Après la fin du match, alors qu’ils quittaient le stade, Bessong a désigné du doigt les deux policiers, a déclaré Lesley, ajoutant qu’il les avait avertis de ne plus jamais faire cela à son employée. Le policier qui a agressé Eyong a ensuite insulté Lesley, le traitant de chien et d’autres « noms que je ne répéterai pas », a déclaré Lesley. 

Mbua, le directeur du stade, a été convoqué pour être interrogé en lien avec l’agression, à la police judiciaire à Buea le 31 mai, a déclaré Lesley, ajoutant qu’il ne connaissait pas le nom du policier et qu’il espérait que le directeur l’identifierait auprès des autorités.

Contacté par téléphone, Mbua a nié avoir agressé Bessong et a affirmé que le « l’affaire s’était déroulée entre personnes en uniforme ». « Je n’ai pas le pouvoir de demander à une personne en uniforme de battre quelqu’un, je ne suis pas gouverneur, je ne suis pas dans l’armée », a-t-il ajouté.

« Je l’ai appelée trois fois, mais elle a refusé de venir », a-t-il dit à propos de Bessong.  « Je suis allé la bloquer, elle a refusé et je lui ai demandé de se présenter.

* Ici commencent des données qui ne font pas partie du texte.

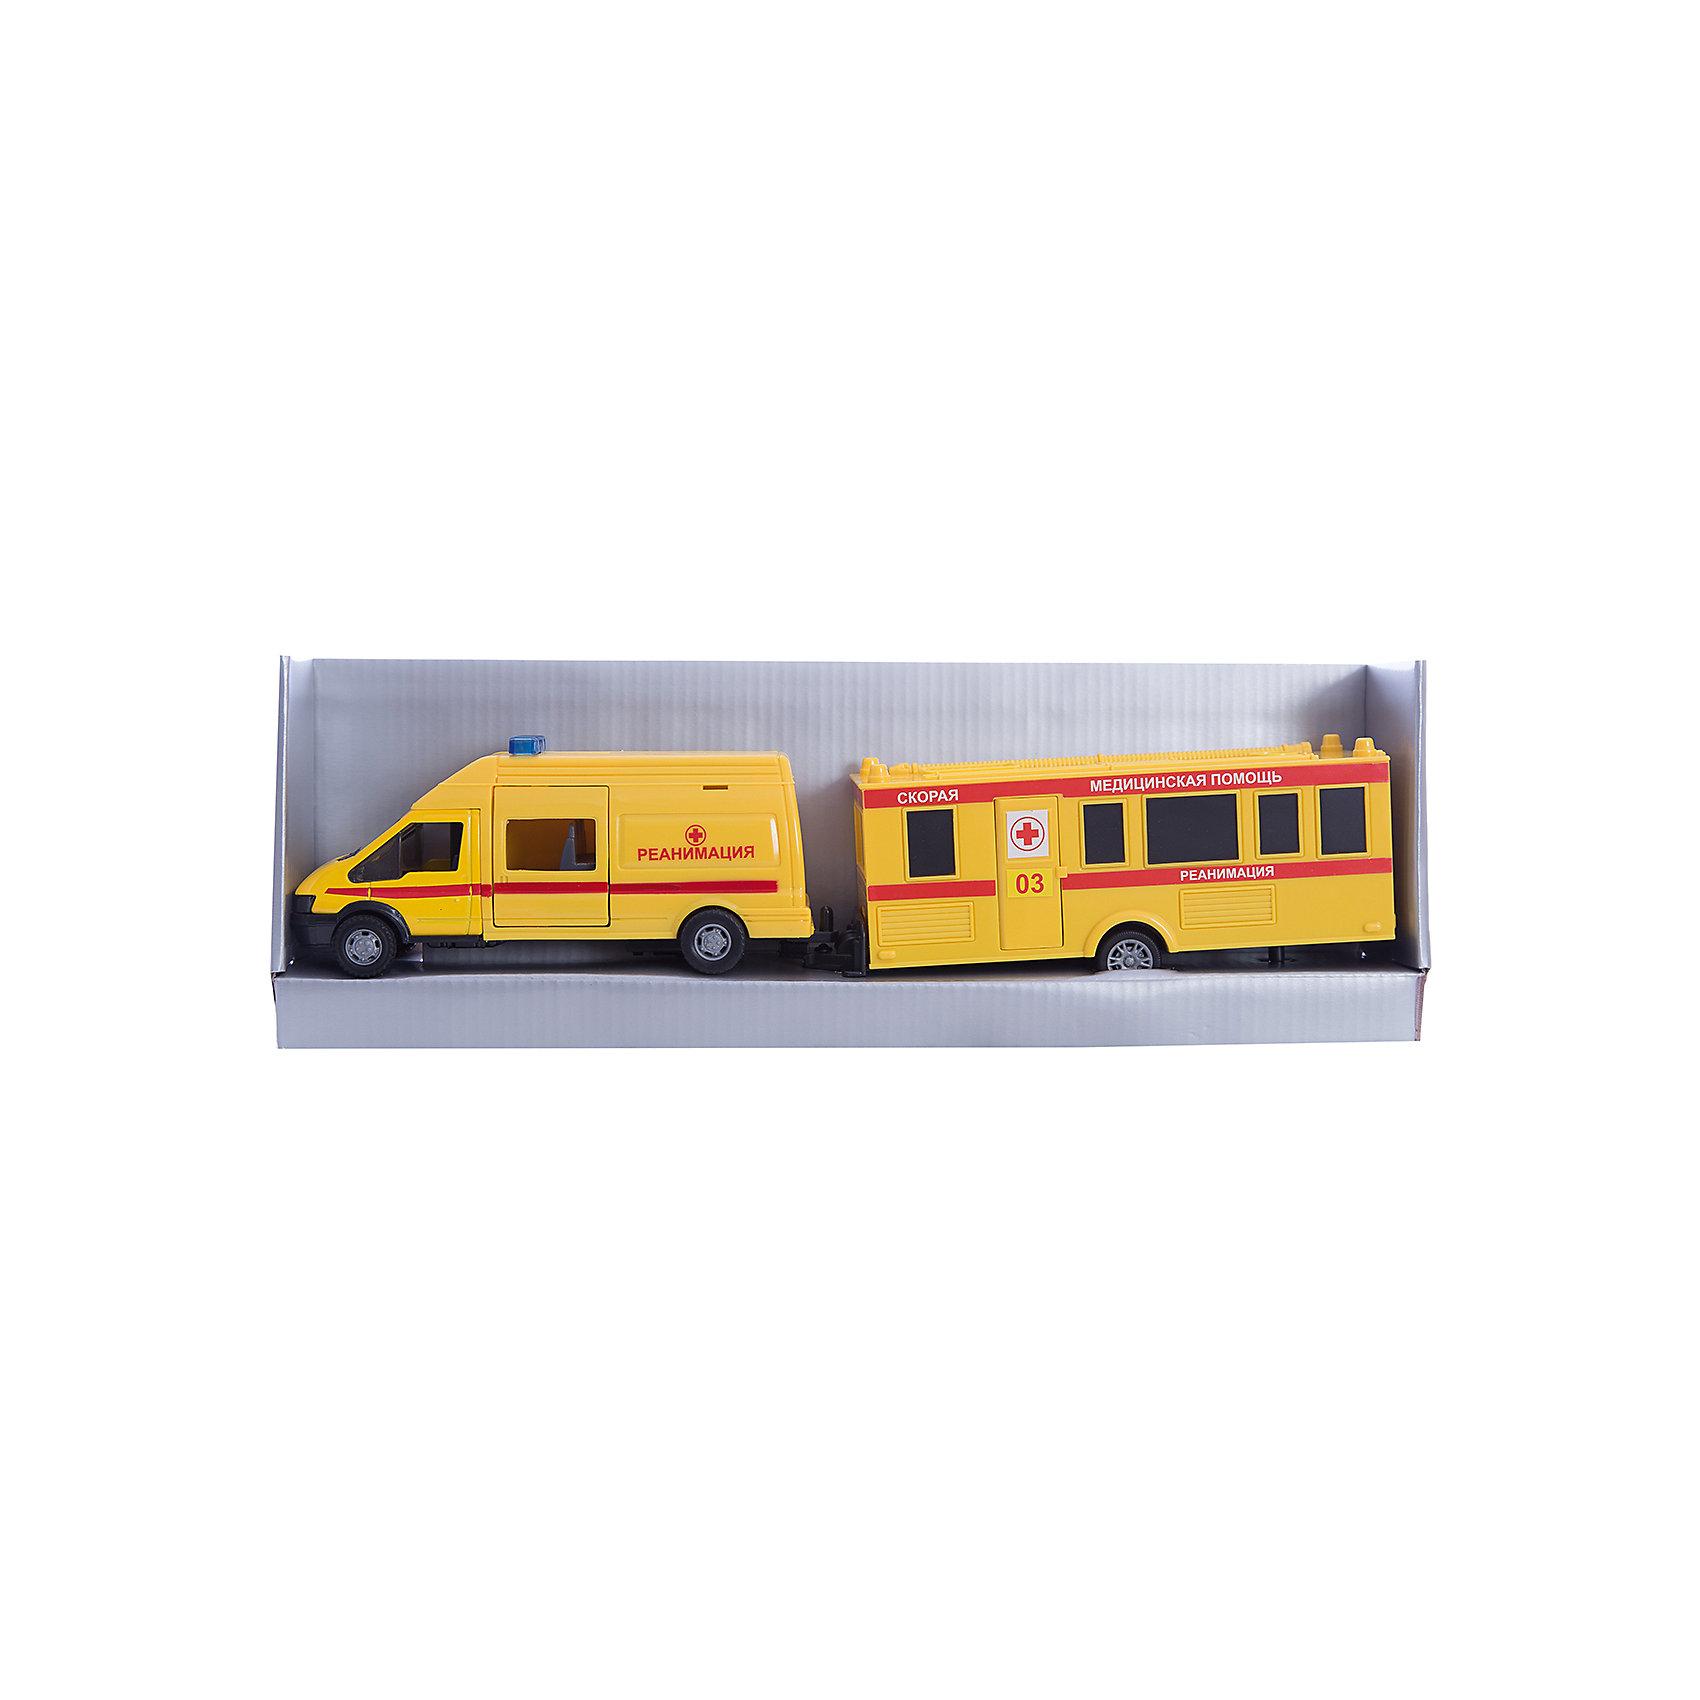 Машинка Rescue Van скорая помощь с прицепом 1:48, AutotimeМашинки<br>Характеристики товара:<br><br>• цвет: желтый<br>• возраст: от 3 лет<br>• материал: металл, пластик<br>• масштаб: 1:48<br>• комплектация: машина, прицеп<br>• инерционная<br>• колеса вращаются<br>• размер упаковки: 35х6х11 см<br>• вес с упаковкой: 300 г<br>• страна бренда: Россия, Китай<br>• страна изготовитель: Китай<br><br>Эта модель представляет собой миниатюрную копию реально существующей машины скорой помощи с прицепом. Она отличается высокой детализацией, является коллекционной моделью. <br><br>Сделана машинка из прочного и безопасного материала. Корпус - из металла и пластика.<br><br>Машинку «Rescue Van скорая помощь с прицепом 1:48», Autotime (Автотайм) можно купить в нашем интернет-магазине.<br><br>Ширина мм: 362<br>Глубина мм: 114<br>Высота мм: 146<br>Вес г: 15<br>Возраст от месяцев: 36<br>Возраст до месяцев: 2147483647<br>Пол: Мужской<br>Возраст: Детский<br>SKU: 5584151
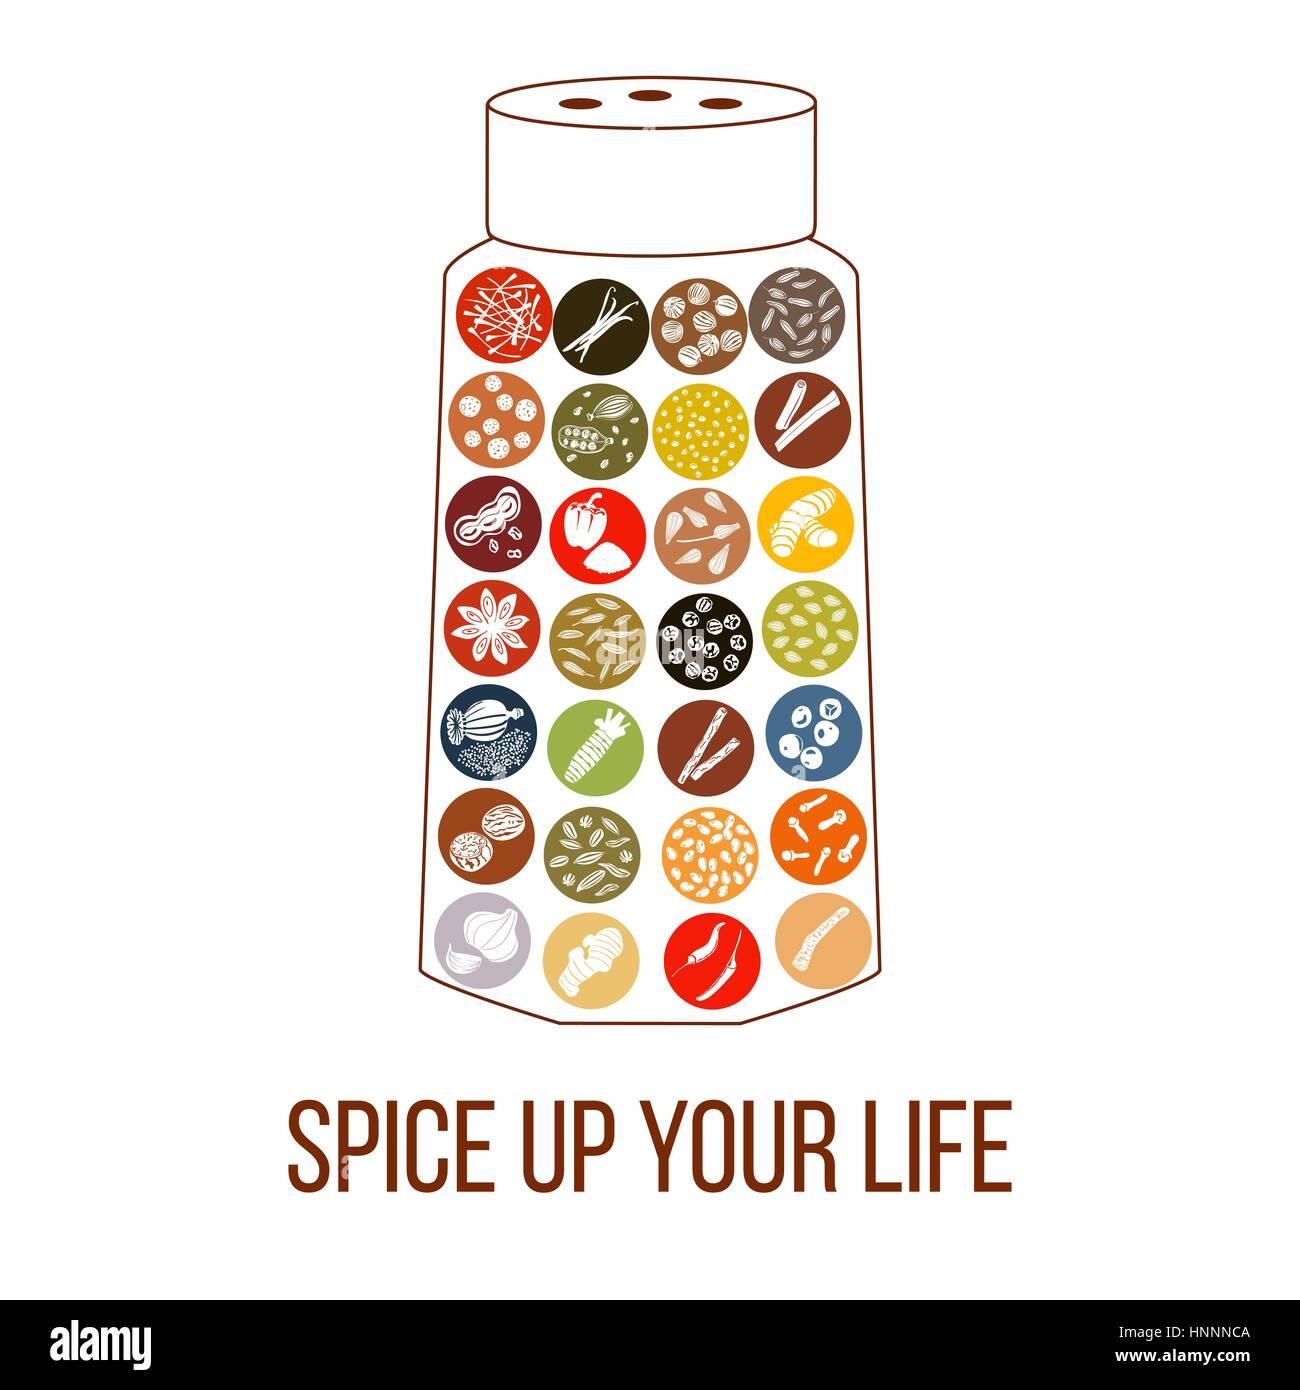 Ajoutez du piquant à votre vie phrase. humour télévision poivrière à épices culinaires Photo Stock

Elle a tenu ma main droite avec ses deux mains », a-t-il déclaré.

Mbua a également affirmé que lorsque les policiers ont appelé Bessong pour vérifier son accréditation, elle a refusé et les a insultés et que c’est à ce moment-là qu’ils l’ont « retenue avec force ».

Mbua a affirmé que l’indignation qui s’ensuivit de la part de la communauté des médias était due au fait qu’il avait refusé de laisser les journalistes jouer un match de football au stade le 3 mars, Journée mondiale de la liberté de la presse. « C’est là que les problèmes ont commencé », a déclaré Mbua. 

Contacté par l’application de messagerie pour un commentaire, Ernest Obama, directeur de la communication de la Fédération camerounaise de football, l’organe national de contrôle du football camerounais connu sous son acronyme français Fecafoot, a déclaré qu’il répondrait, mais n’a répondu à aucun texto de relance. Contacté pour un commentaire via une application de messagerie, Alex Siewe, directeur de la communication de la Confédération africaine de football (CAF), l’organe de contrôle représentant les associations nationales de football sur le continent, a déclaré que le groupe avait besoin de plus d’informations sur l’agression avant de pouvoir commenter. Le CPJ a appelé le commissarait central de police de Buea au téléphone. Quelqu’un a décroché, mais n’a parlé. La porte-parole de la police nationale, Joyce Ndjem, n’a pas non plus répondu à la demande de commentaires du CPJ via une application de messagerie.